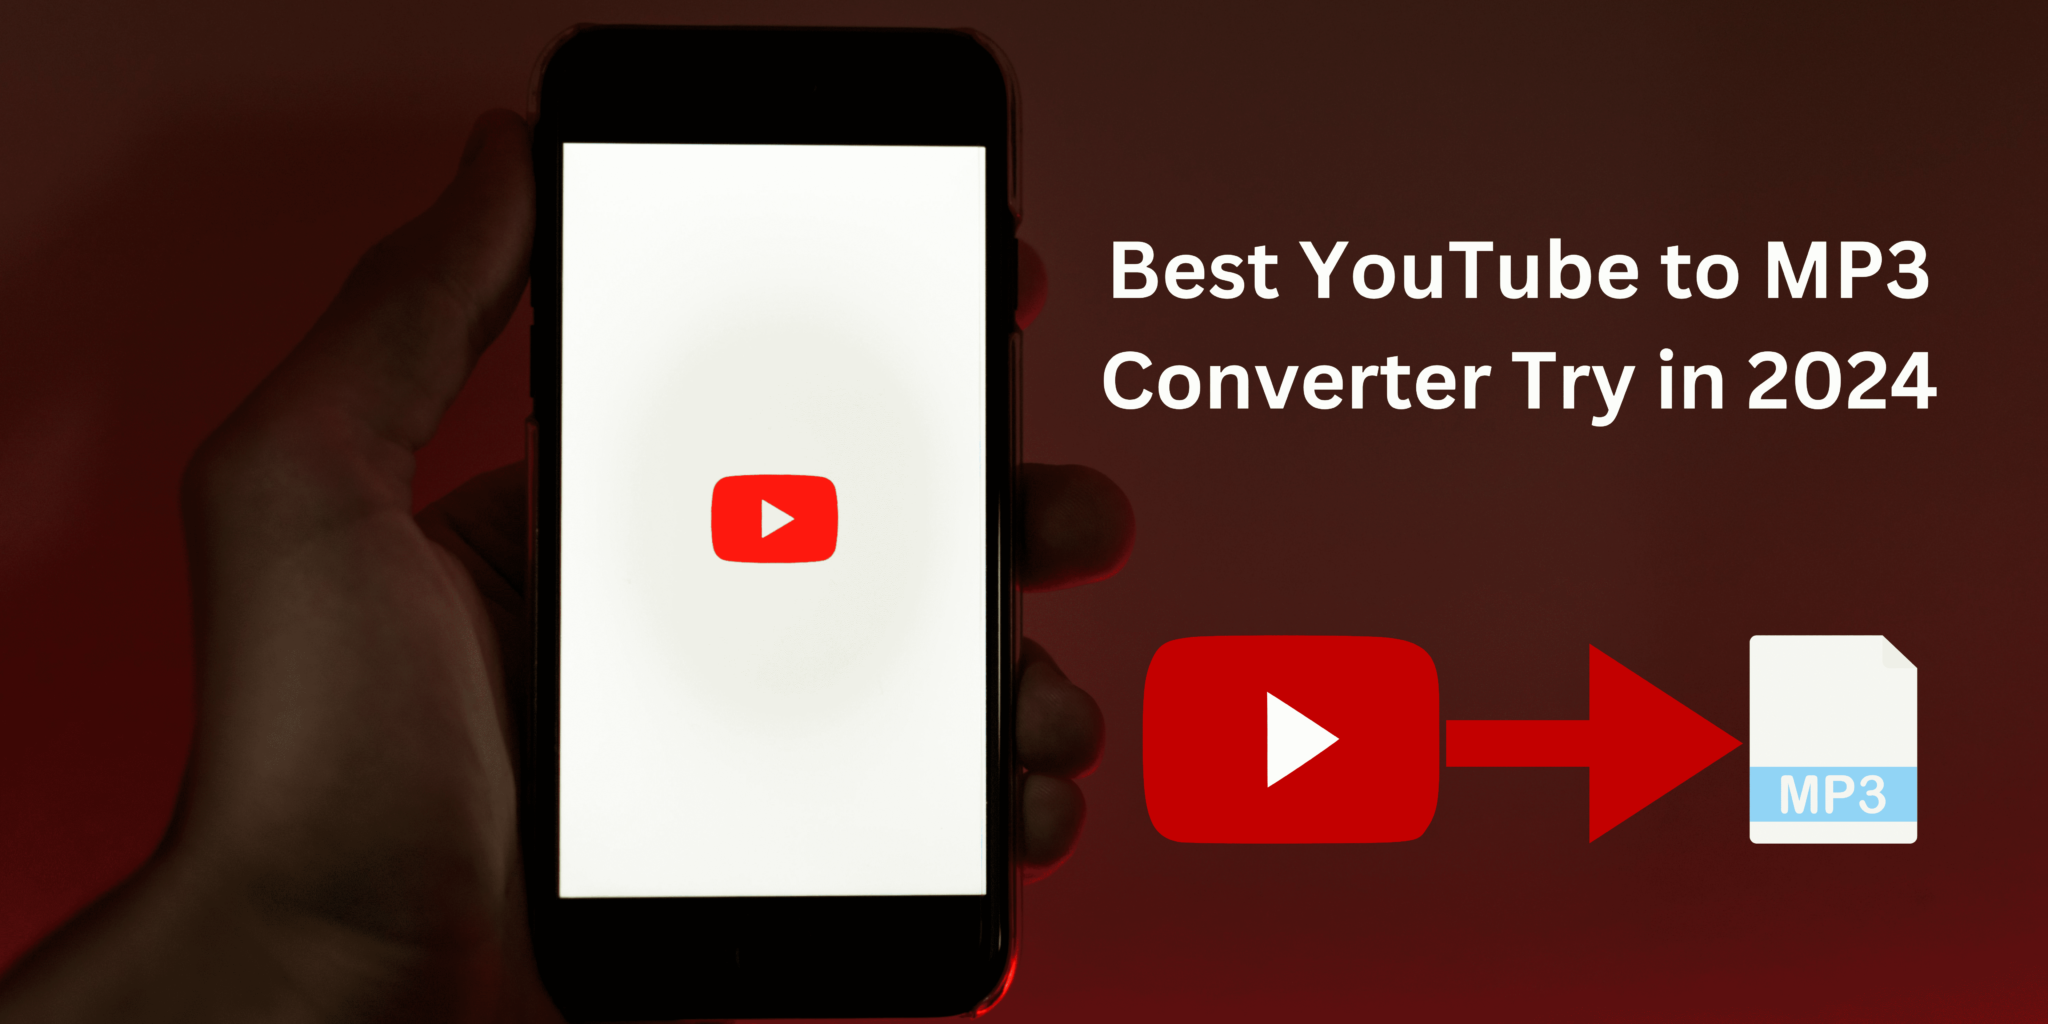 Best YouTube To MP3 Converter Try In 2024 DTW
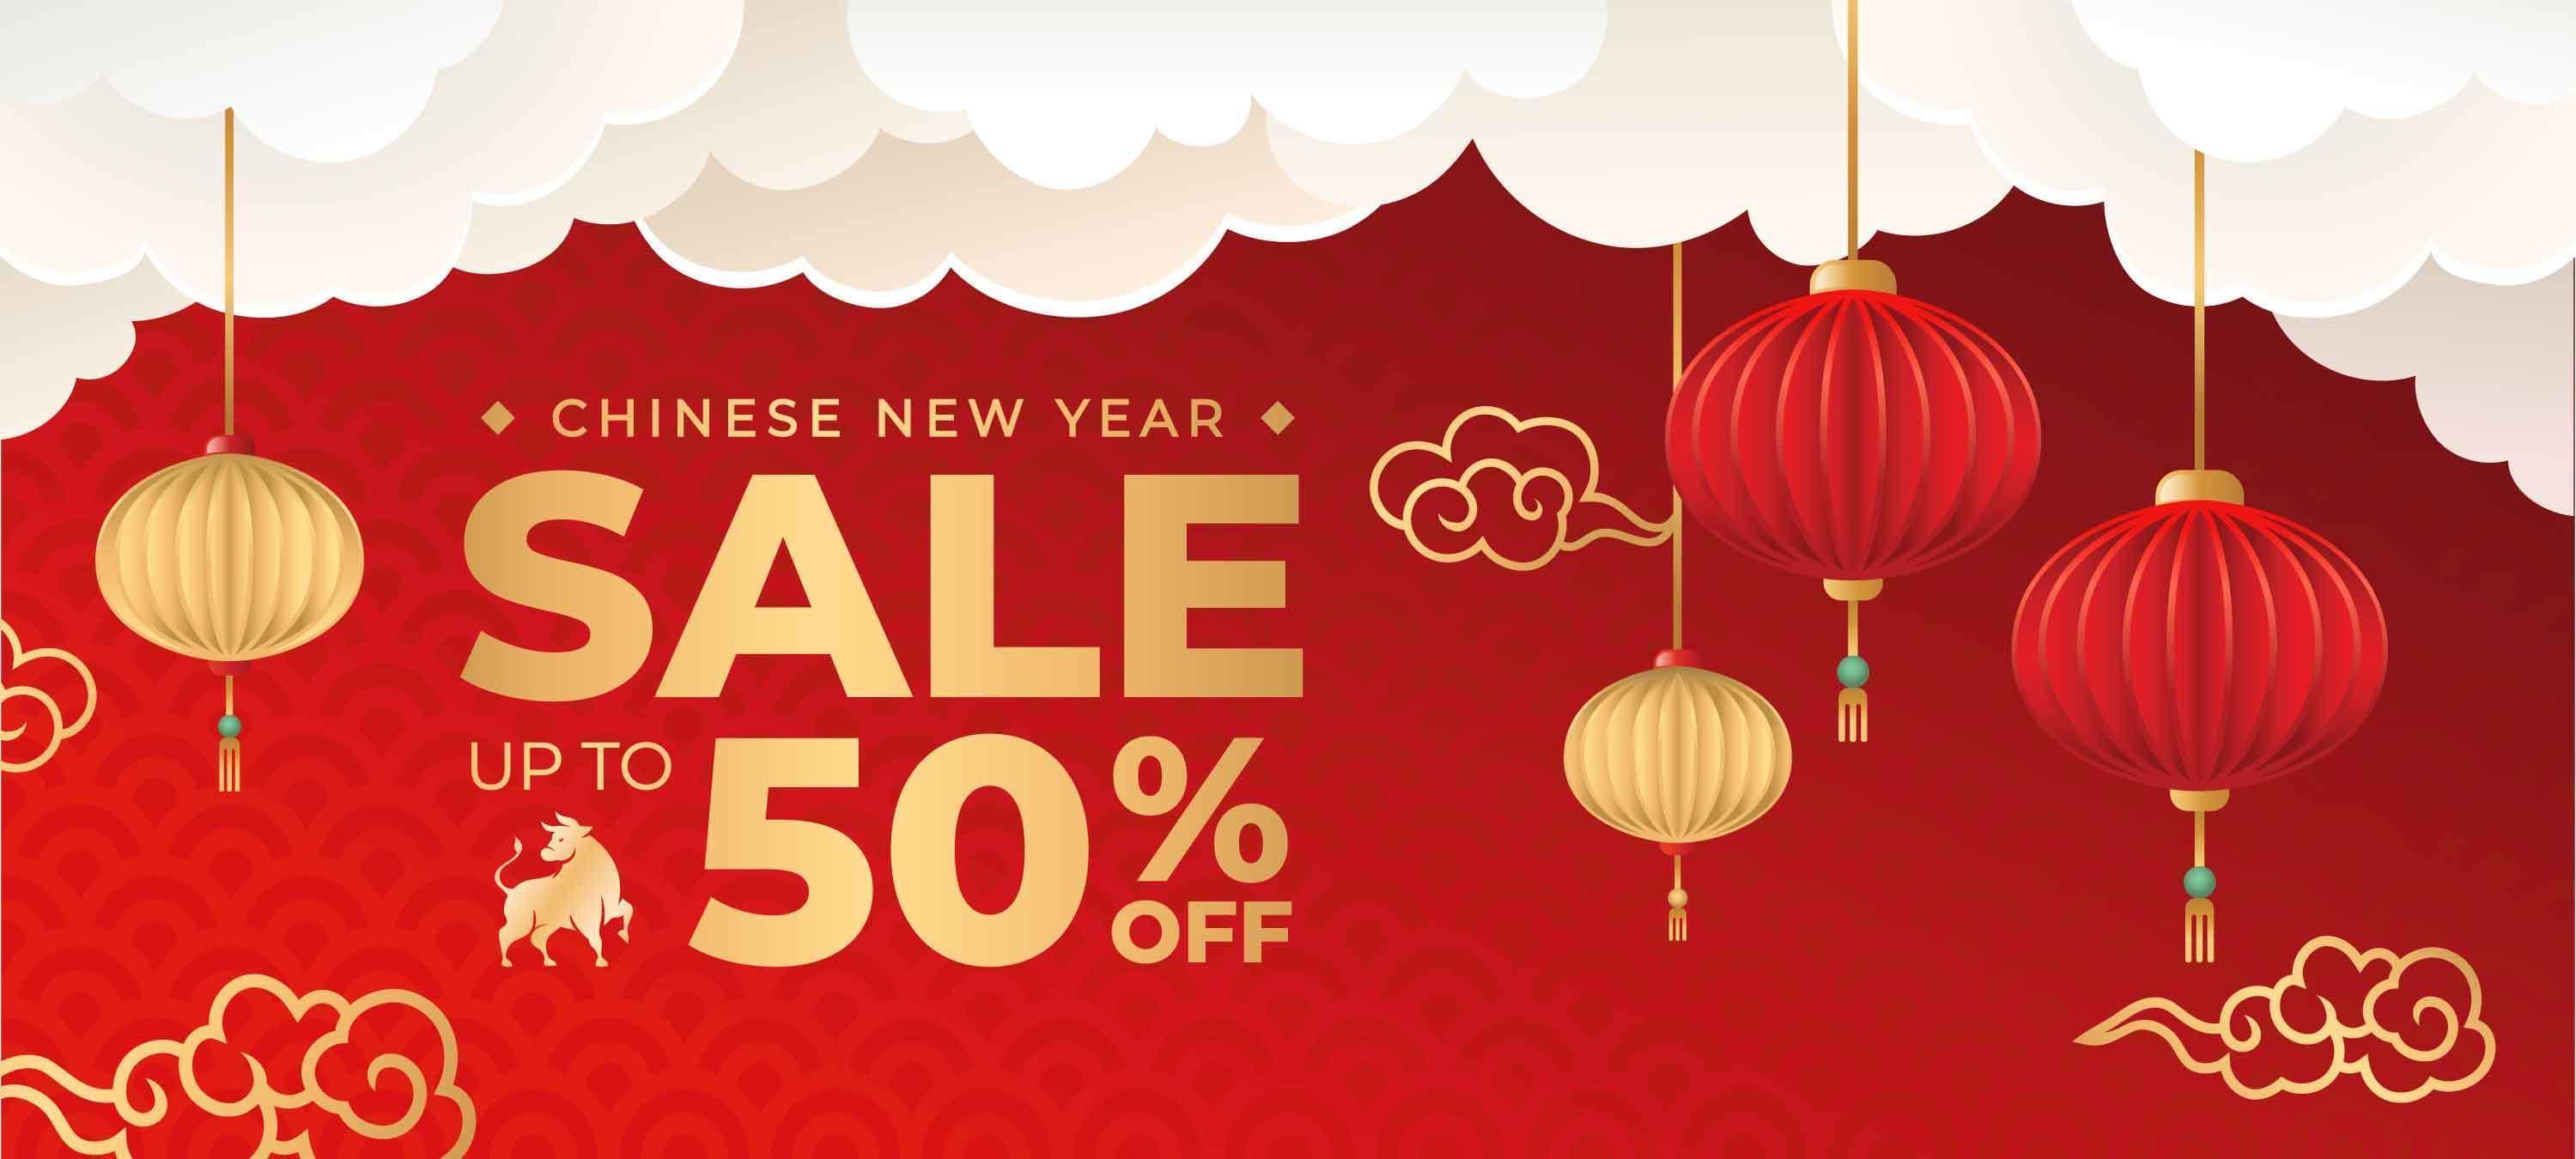 Steam chinese new year sale фото 50
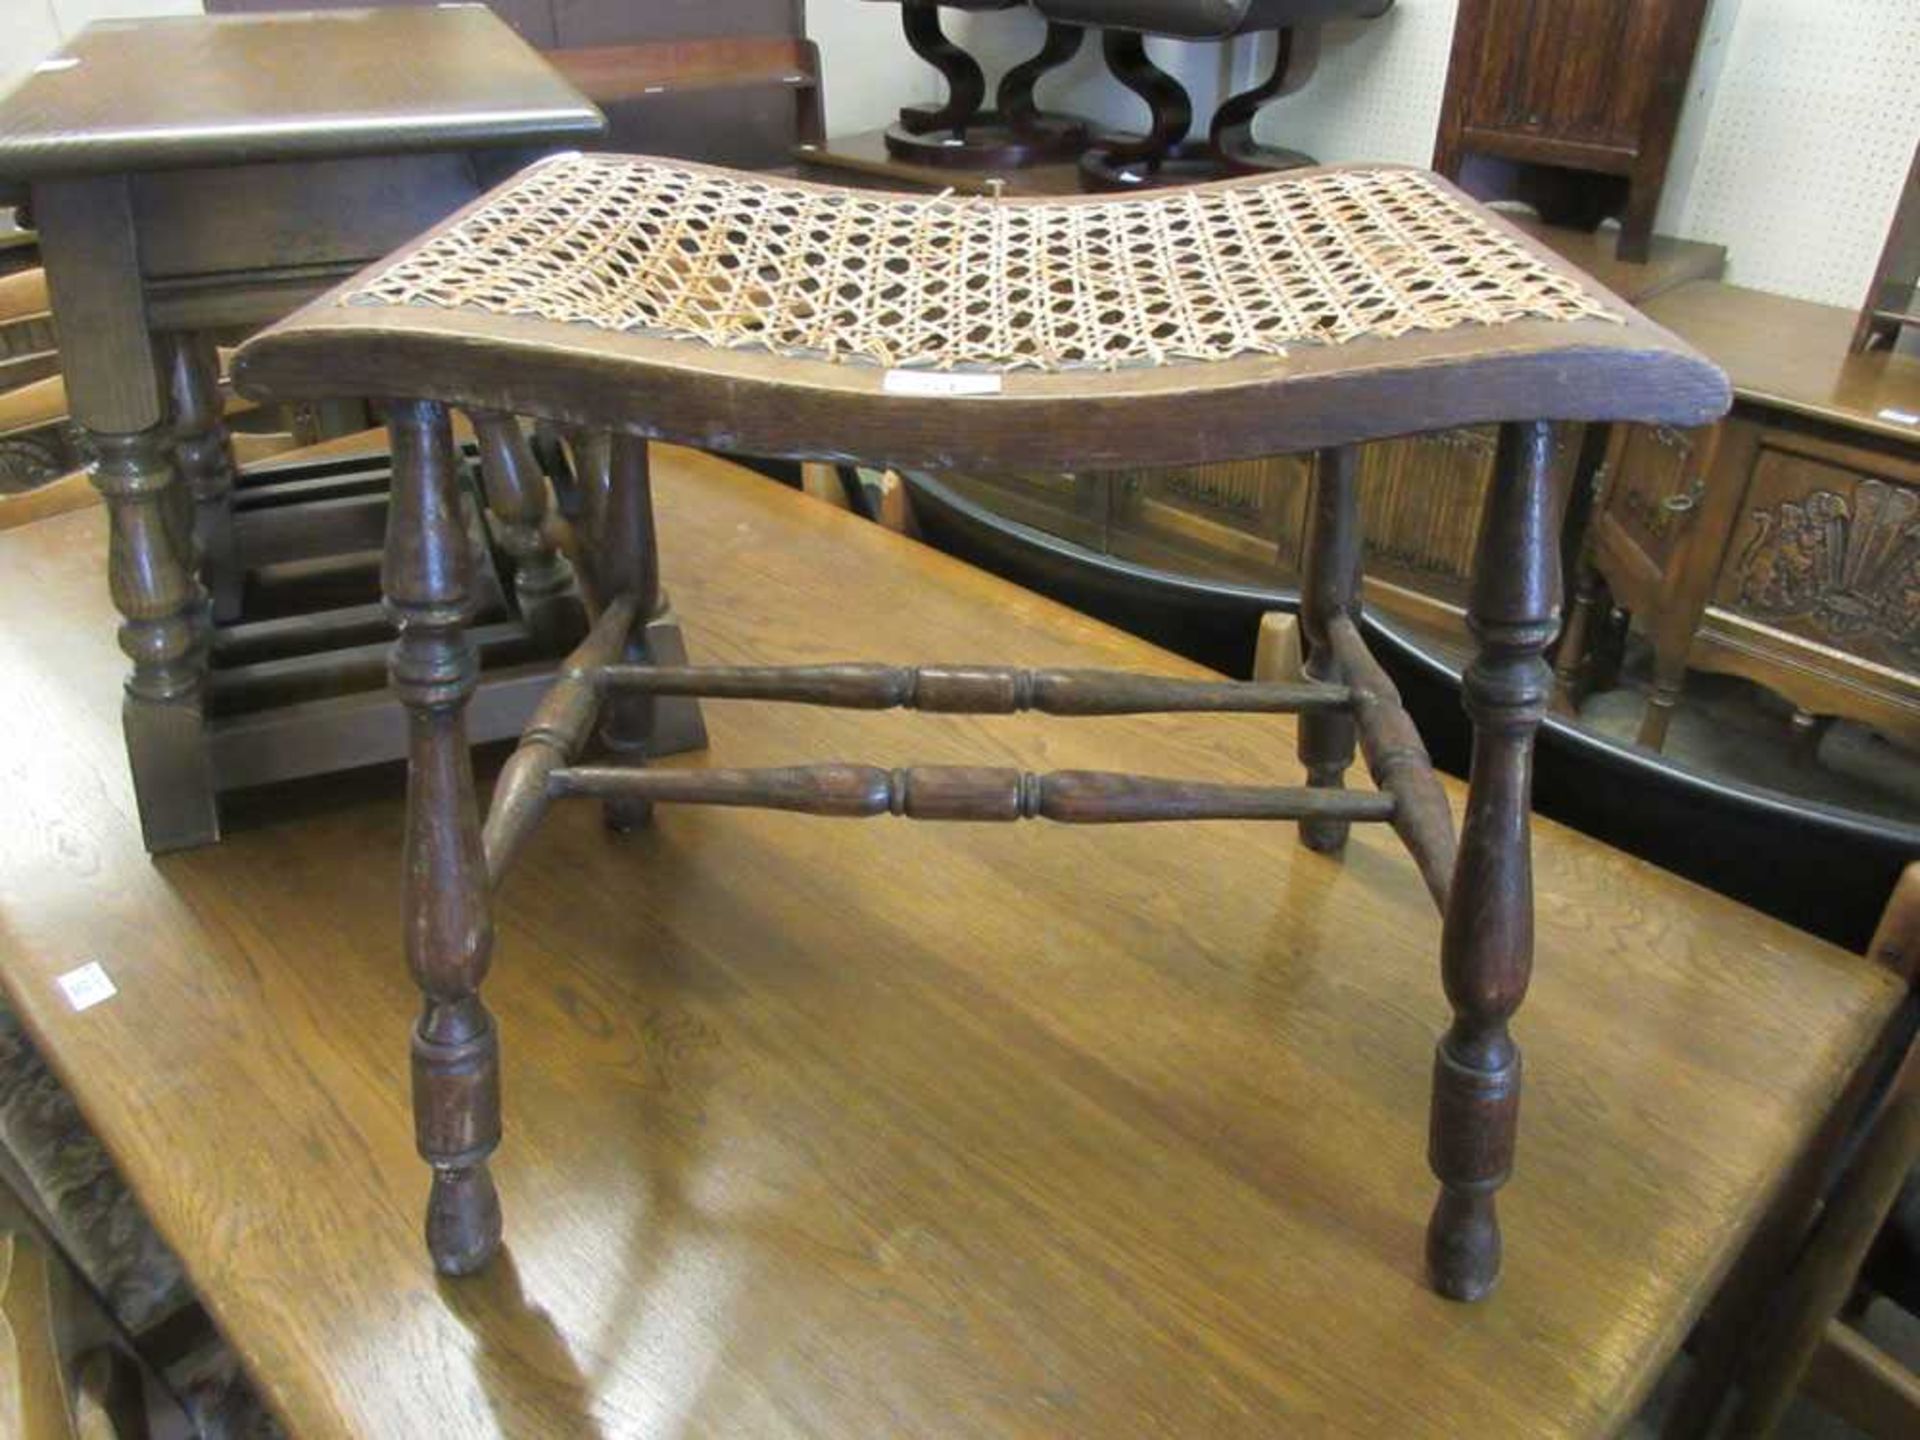 An early 20th century stool with cane seat

····················

**PROMPT**
Skip every picture and retype only the lines from the line with "Steam chinese new year sale фото 50" through the last line of the listing, both ends included, exactly as they appear.

**RESPONSE TO THE EXERCISE**
 Steam chinese new year sale фото 50
 An early 20th century stool with cane seat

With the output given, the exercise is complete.